/faceRecognition

Study of computer vision library OPENCV

Primary LanguageC++

Face Recognition

Overview

This project is a study of the OpenCV library, focusing on real-time face detection. The implementation detects faces in real-time using a webcam, drawing rectangles around each detected face and labeling them with their detection order (e.g., "Face finded 1"). Additionally, the code attempts to outline the head shape by using contour detection within the face region.

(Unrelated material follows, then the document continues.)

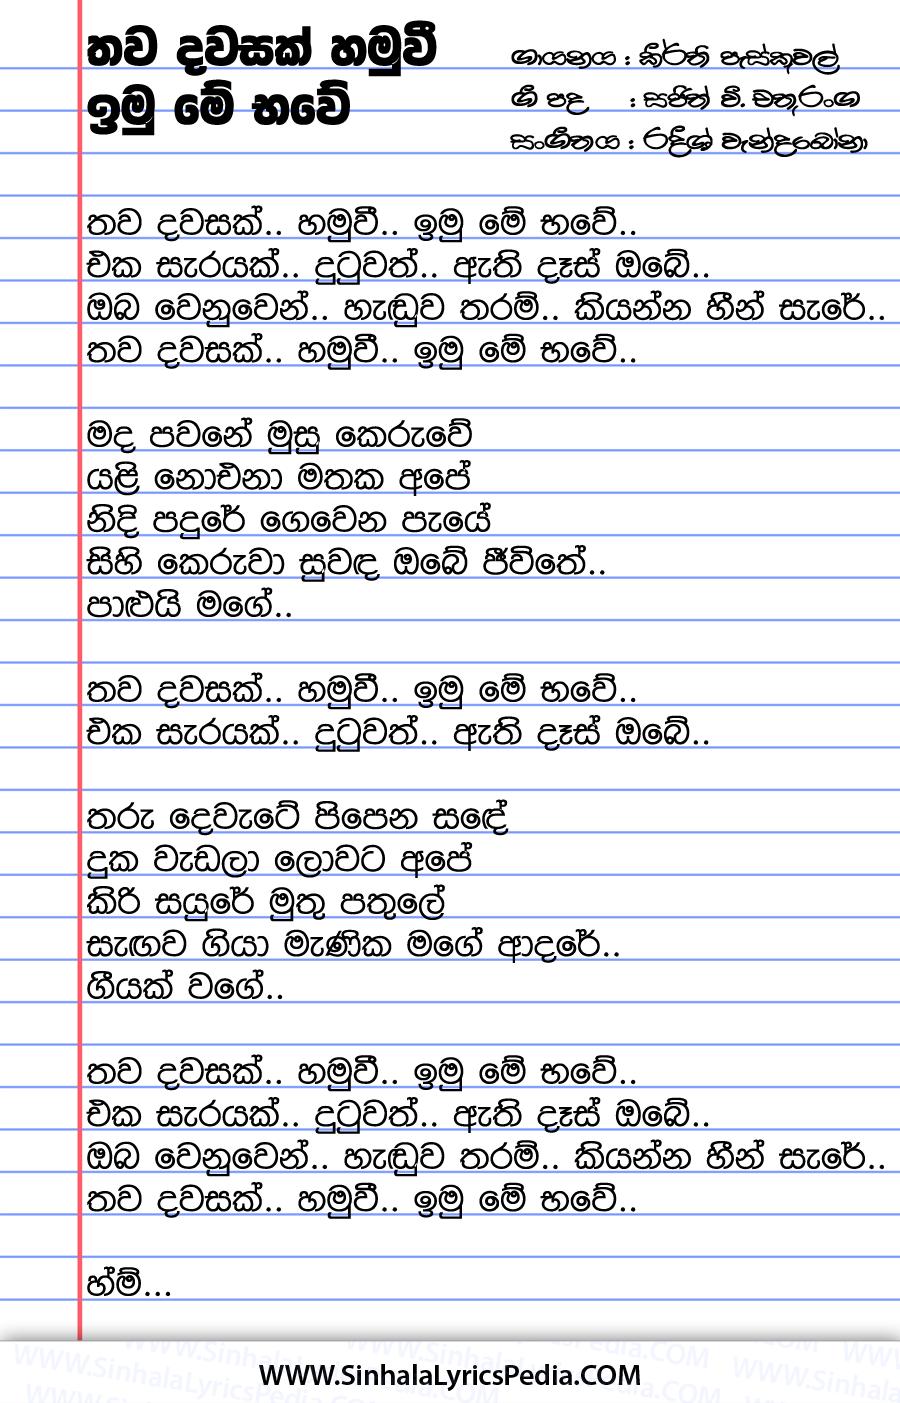 Thawa Dawasak Hamuwee Song Lyrics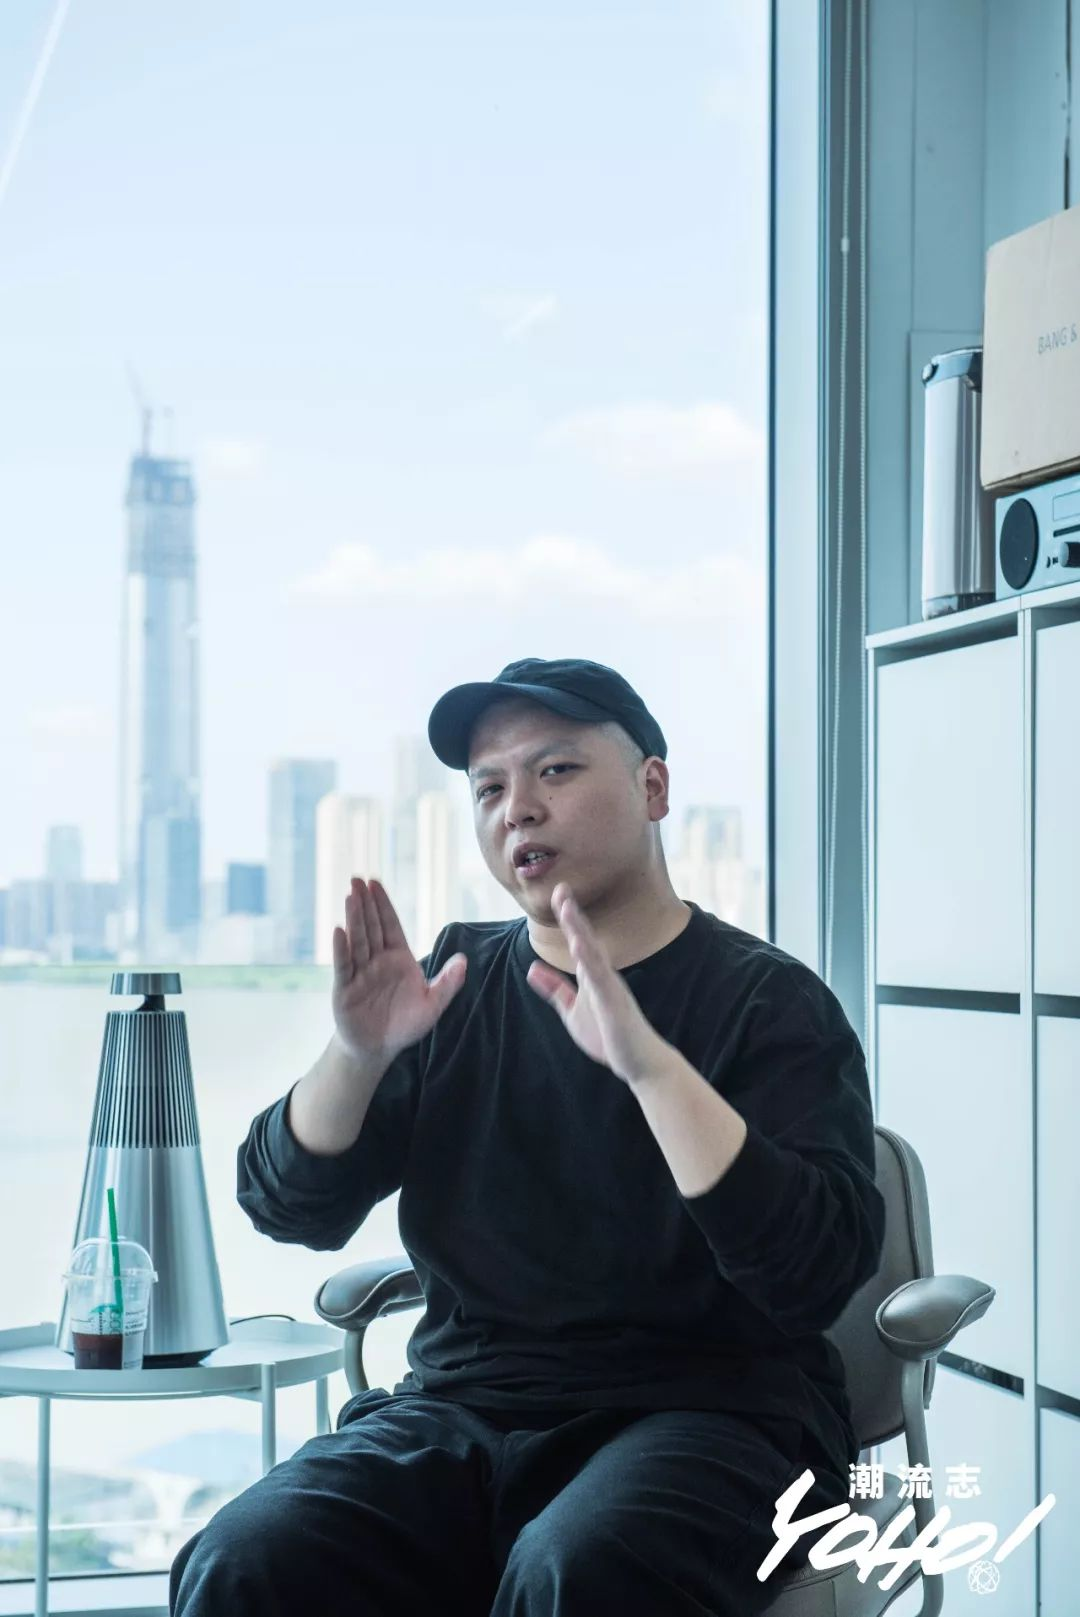 ATTEMPT 主理人梁栋:什么事情都冲着钱去,真的不酷。

The program also handles camera selection automatically and allows for graceful shutdown if the user closes the window or presses the 'q' key.

Features

  • Real-Time Face Detection: Detects faces from a webcam feed in real-time.
  • Labeling: Labels each detected face with its order of detection.
  • Head Shape Outline: Attempts to draw the head's shape using contour detection.
  • Automatic Camera Selection: Automatically identifies and selects the first available webcam.
  • Graceful Shutdown: The application can be exited by pressing 'q' or closing the window.

Requirements

  • OpenCV (version 4.x or later)
  • C++11 or later
  • A webcam connected to your computer

Installation

  1. Install OpenCV: Follow the instructions on the OpenCV installation guide.
  2. Clone the Repository:
    git clone https://github.com/yourusername/face_recognition.git
    cd face_recognition
  3. Build the Project:
    make
  4. Run the Application:
    make run

How It Works

  1. Initialization: The program loads the Haar cascade classifier for face detection (haarcascade_frontalface_default.xml).
  2. Camera Selection: The application automatically identifies the first available webcam.
  3. Face Detection: For each frame captured by the webcam, the program converts the image to grayscale, equalizes the histogram, and detects faces.
  4. Labeling and Contours: Detected faces are labeled with their detection order, and contours are drawn to approximate the shape of the head.
  5. Display: The processed frame, with labels and contours, is displayed in a window.
  6. Shutdown: The program exits if the user closes the window or presses the 'q' key.

Example

After running the program, you will see a window displaying the webcam feed. Detected faces will be outlined with a green rectangle, labeled with "Face finded [number]", and the contours of the head will be highlighted in blue.

Troubleshooting

  • Camera Not Found: If the program cannot find a camera, ensure that your webcam is properly connected and accessible.
  • Low Detection Accuracy: The contour detection is a simple method and may not perfectly outline the head in all cases. Improving lighting and camera angles can help.
  • OpenCV Errors: Make sure you have installed the correct version of OpenCV and that your compiler supports C++11 or later.